Bitcoin Auntie’s rally failed and pulled back, the daily chart shows a long upper shadow on a doji candle, indicating strong selling pressure. The rally was blocked, and combined with the New Year’s holiday, there was more selling and profit-taking. So, don’t be overly bullish for now; intraday rebounds can still be shorted!
12.30 Short Position Strategy:
If Bitcoin rebounds to 89,000-89,500, continue shorting. Conservative traders can enter at 90,000-90,500, with a stop around 91,500. Target around 88,000-87,500-87,000. If broken, look at 86,500-86,000, and keep adjusting stops accordingly!
Ethereum rebounds from 3,000-3,030, continue shorting.
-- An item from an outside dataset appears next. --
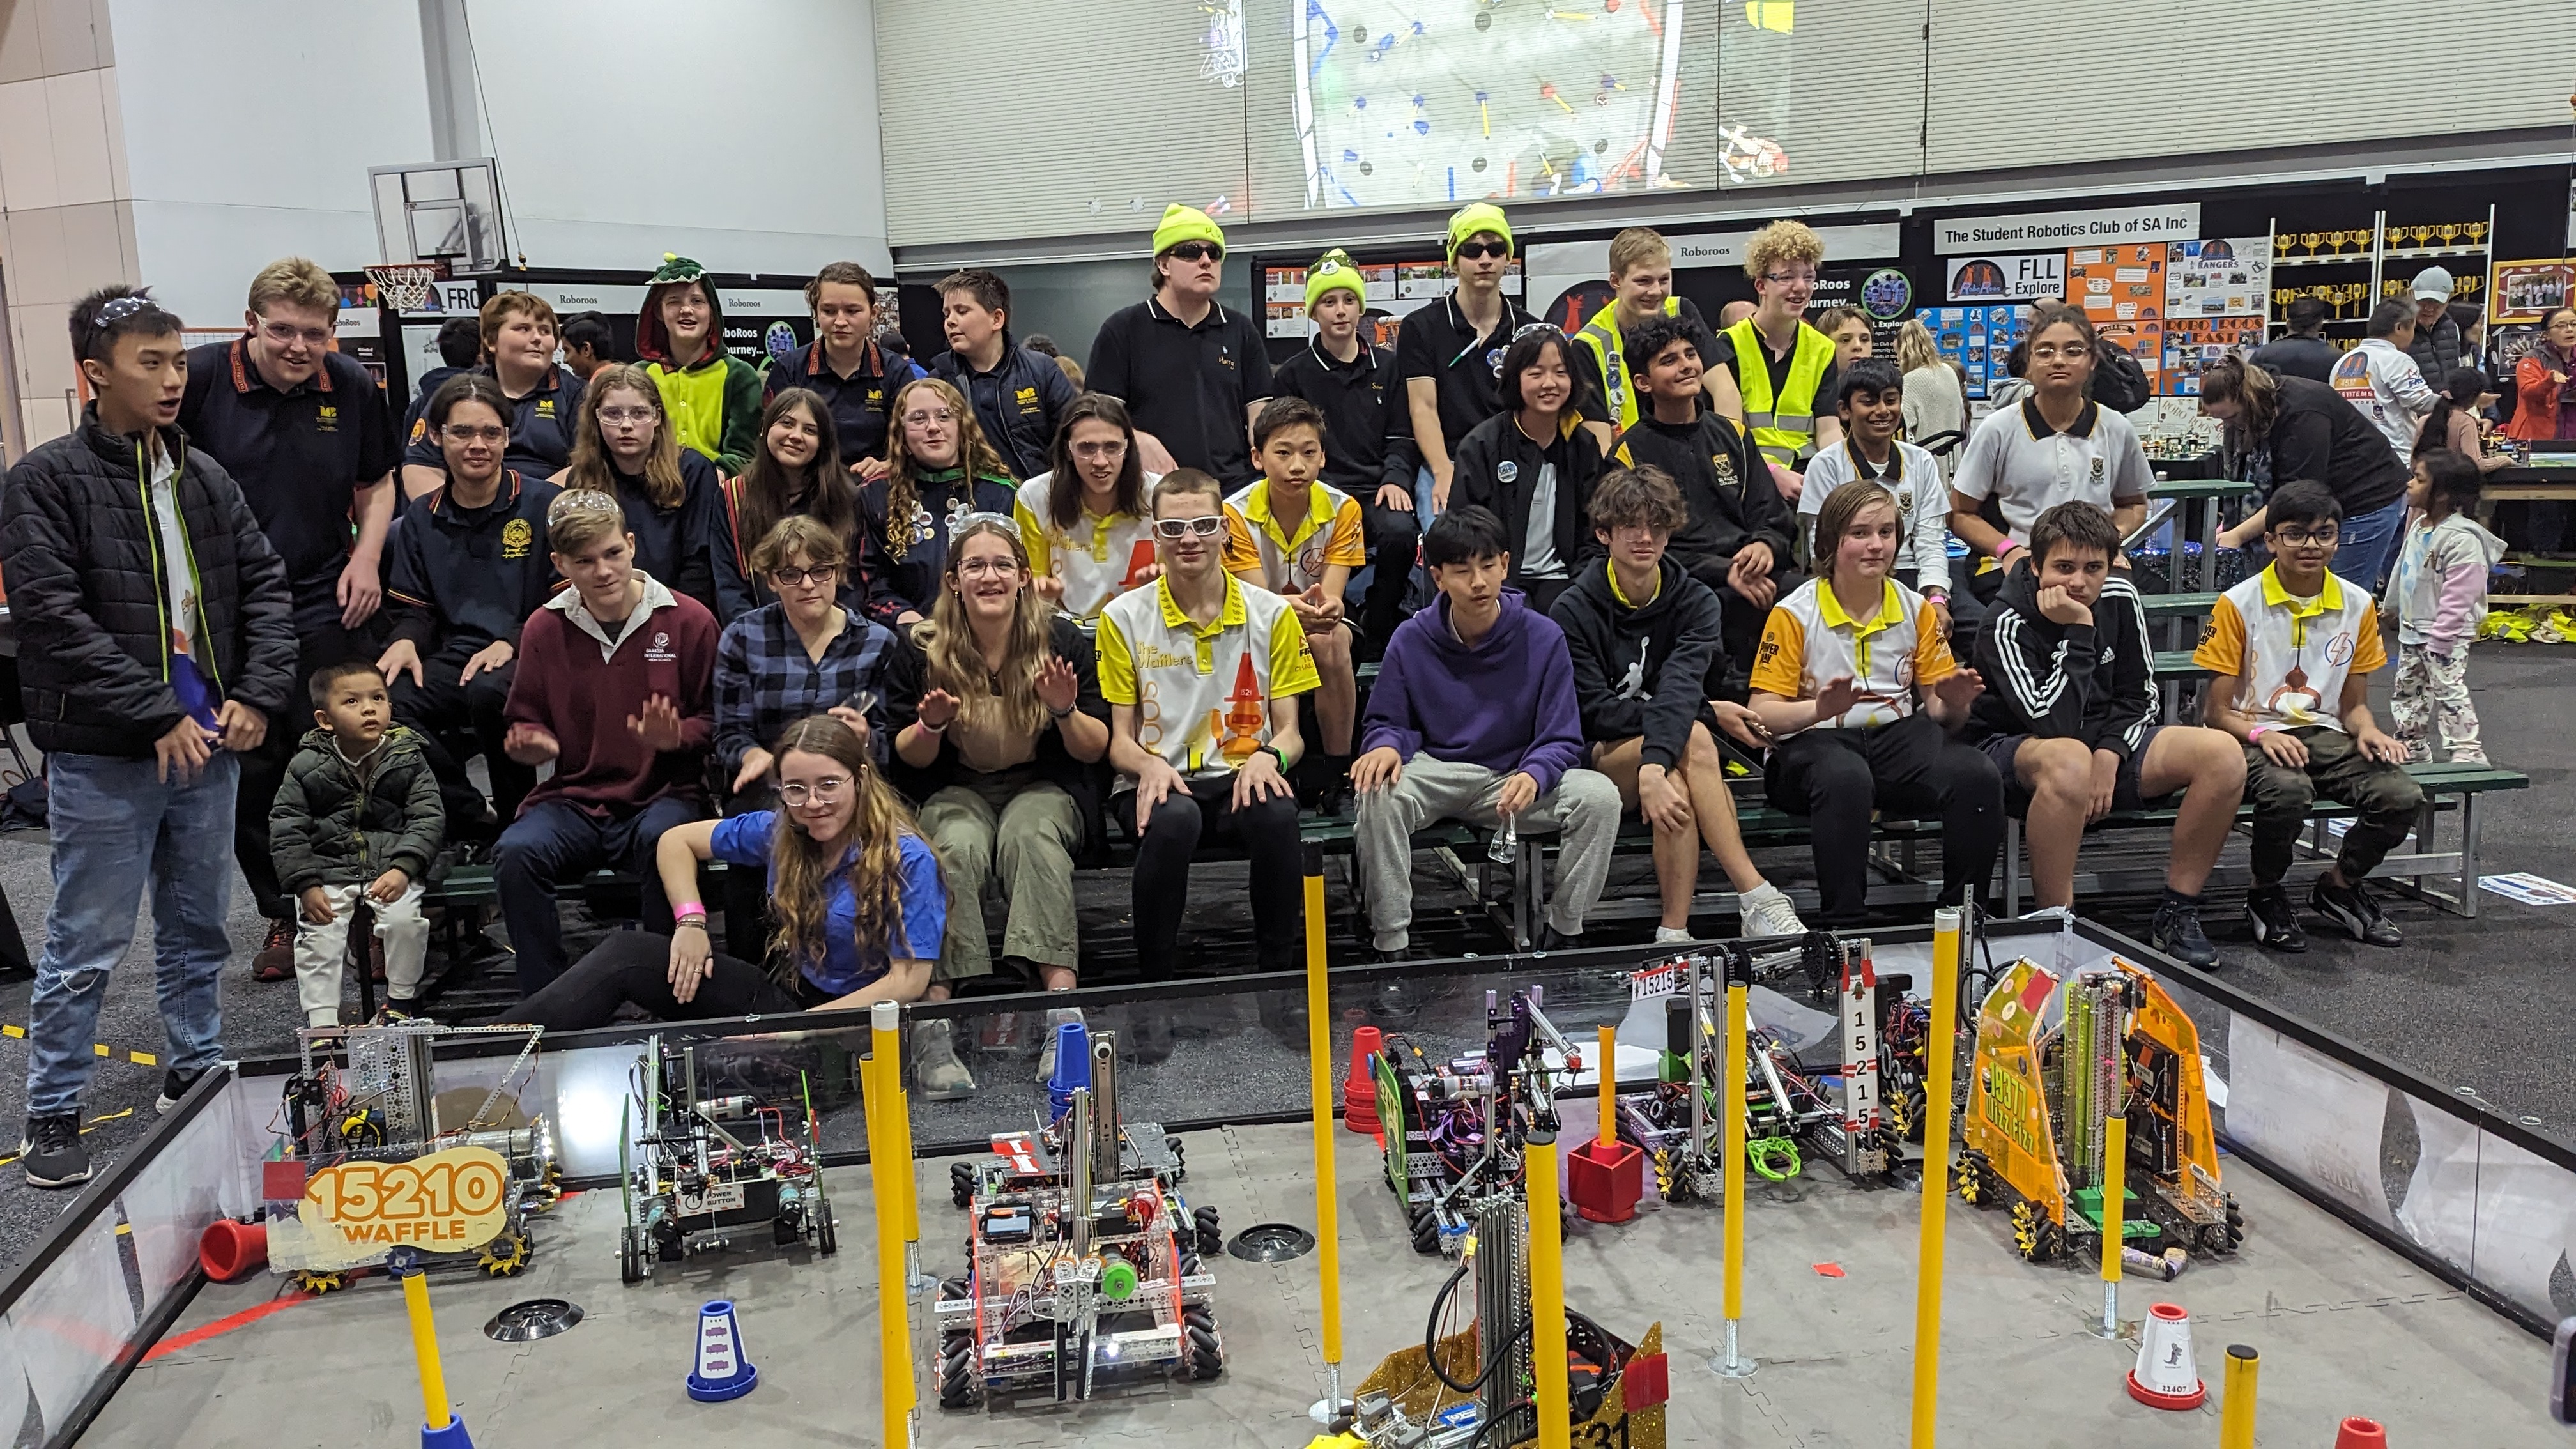 Copy oFTC robotics community in South Australia and their robots - see you all at the Kick-off!f PXL_20230806_061752650.jpg
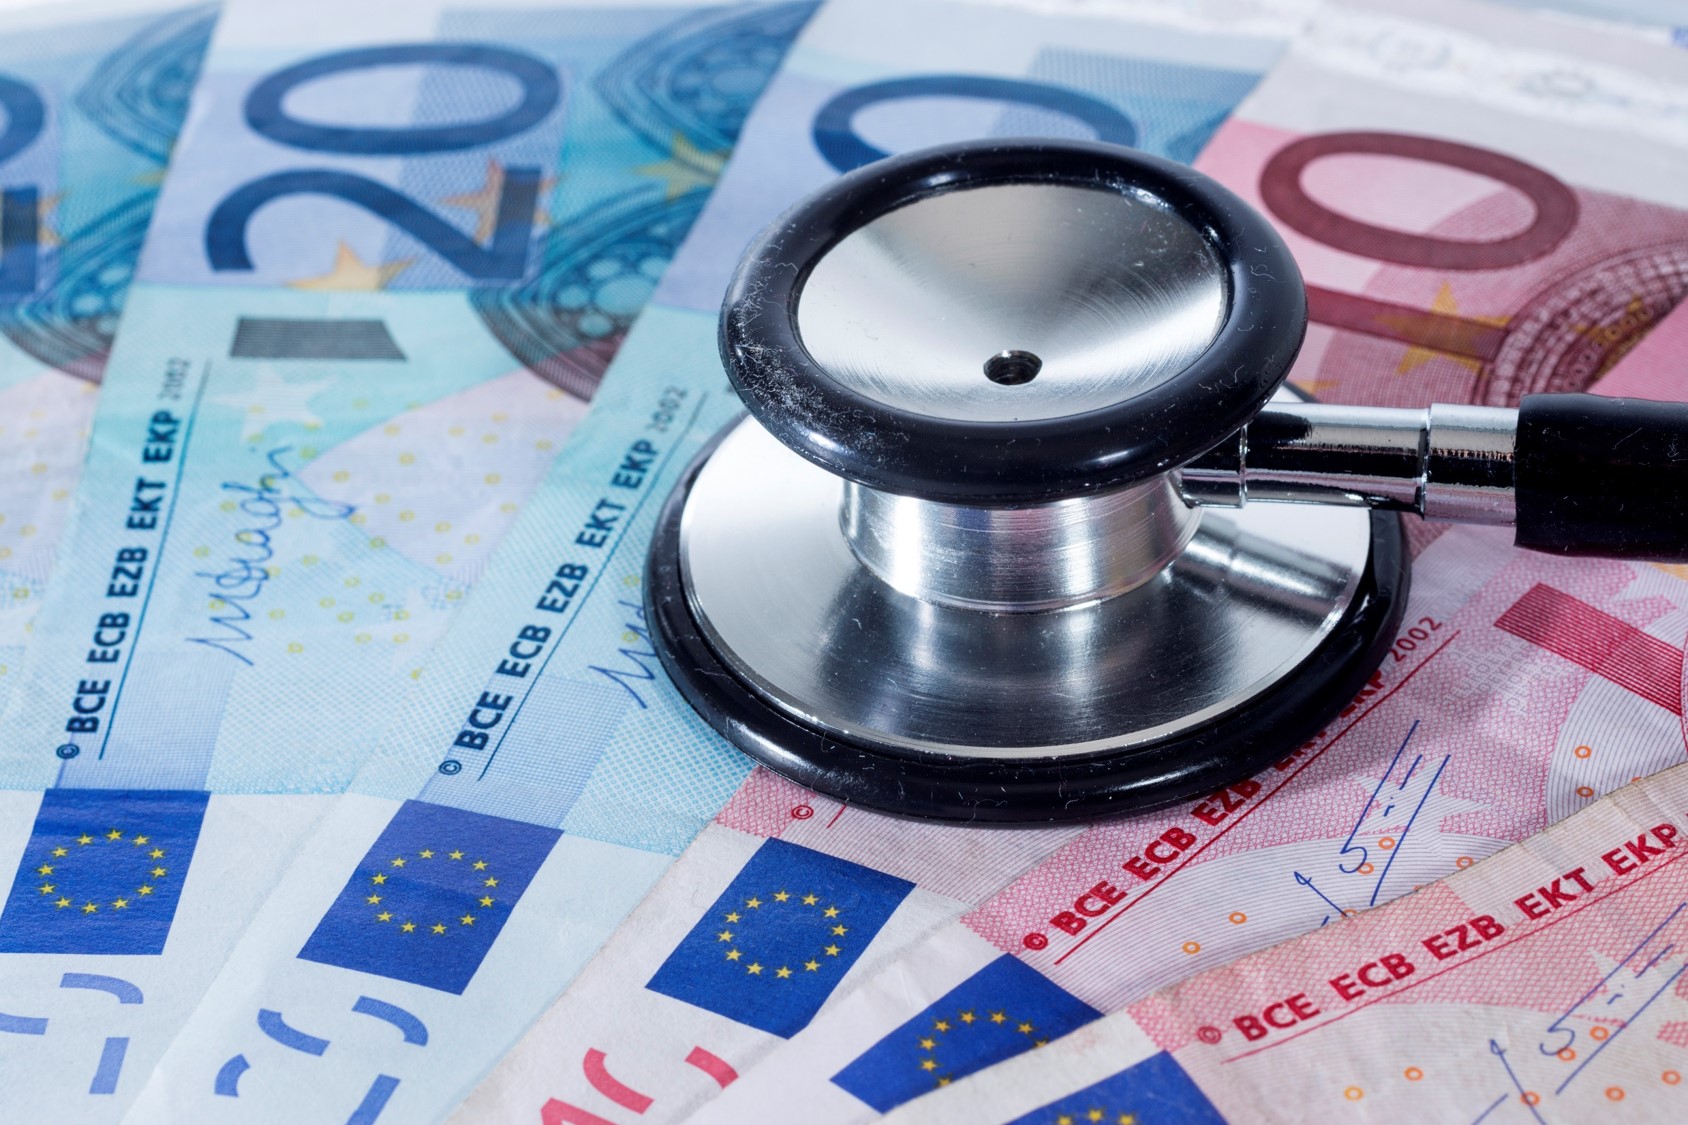 Healthcare free for EU expats, costly for UK expats

Conservative traders can enter at 3,060-3,090, with a stop near 3,130. Target around 2,950-2,900. If broken, look at 2,870-2,850, and keep adjusting stops accordingly!
12.30 Long Position Strategy:
Aggressive traders can buy Bitcoin on pullback at 86,000-86,500, with a stop near 85,000. Target around 87,500-88,000-88,500-89,000. If broken, look at 89,500-90,000, and keep adjusting stops accordingly!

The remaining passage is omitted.